Después de registrarse en el hotel Radisson Plaza, a media manzana del centro comercial Nicollet, Sandy Savarano pasó el resto de su primer día en Mineápolis estudiando minuciosamente los gimnasios del área metropolitana en la guía telefónica.
Hizo una segunda lista de todas las agencias inmobiliarias, poniendo en una columna separada las especializadas en ventas de locales comerciales. Sabía que Lacey Farrell intentaría buscar trabajo sin referencias; lo más probable era que esas agencias no contrataran a nadie sin comprobar sus antecedentes. Al día siguiente empezaría a llamar a las otras.
Su plan era sencillo: diría que estaba llevando a cabo una encuesta informal para la Asociación Nacional de Agentes de la Propiedad Inmobiliaria para calcular el porcentaje de empleadas entre veinticinco y treinta y cinco años. Haría sólo una pregunta: ¿La agencia había contratado alguna agente, secretaria o recepcionista durante los últimos seis meses? Si era así ¿qué edad tenía?

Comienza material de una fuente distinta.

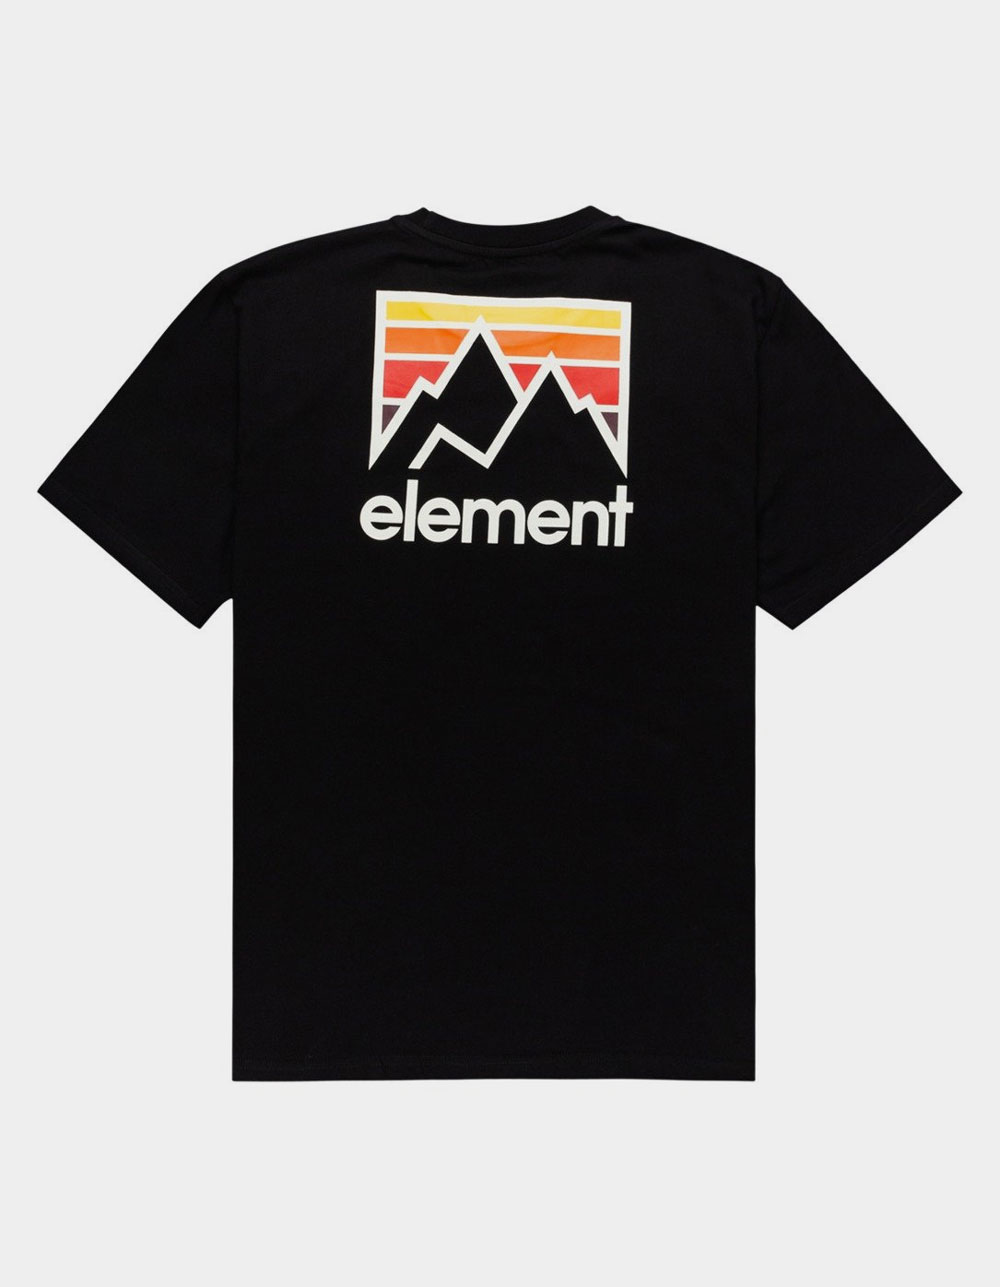 Element Skateboard Projects shirt size Medium M Clothing Brand Skating

Para los gimnasios necesitaba otro plan. Esas preguntas no servirían, puesto que la mayoría de las personas que se hacían socias tenían entre veinticinco y treinta y cinco años; lo que significaba que localizar a Farrell en los gimnasios sería más arriesgado. Podía ir y fingir que se quería hacer socio, y después sacar una foto de Farrell. Era una foto vieja, de final de carrera en la universidad, pero aun así se la reconocía. Diría que era su hija que se había marchado de casa después de un malentendido familiar y que la buscaba porque él y su mujer estaban destrozados.
Comprobar los gimnasios le llevaría tiempo, pero afortunadamente no había demasiados en el área metropolitana.
A las diez menos cinco, Sandy Savarano estaba preparado para salir a dar un paseo. El centro comercial estaba a oscuras, los escaparates de las tiendas ya no brillaban.
Sandy sabía que se podía ir andando hasta el río Misisipí. Giró a la derecha y enfiló en esa dirección. Era una figura solitaria, y para cualquier transeúnte parecía un hombre de más de sesenta años que no debería ir solo a esas horas de la noche. Un observador fortuito jamás hubiera imaginado lo equivocado que estaba, porque, en ese paseo, Sandy Savarano empezaba a experimentar la morbosa emoción que sentía cada vez que acechaba a una víctima y se acercaba a su hábitat.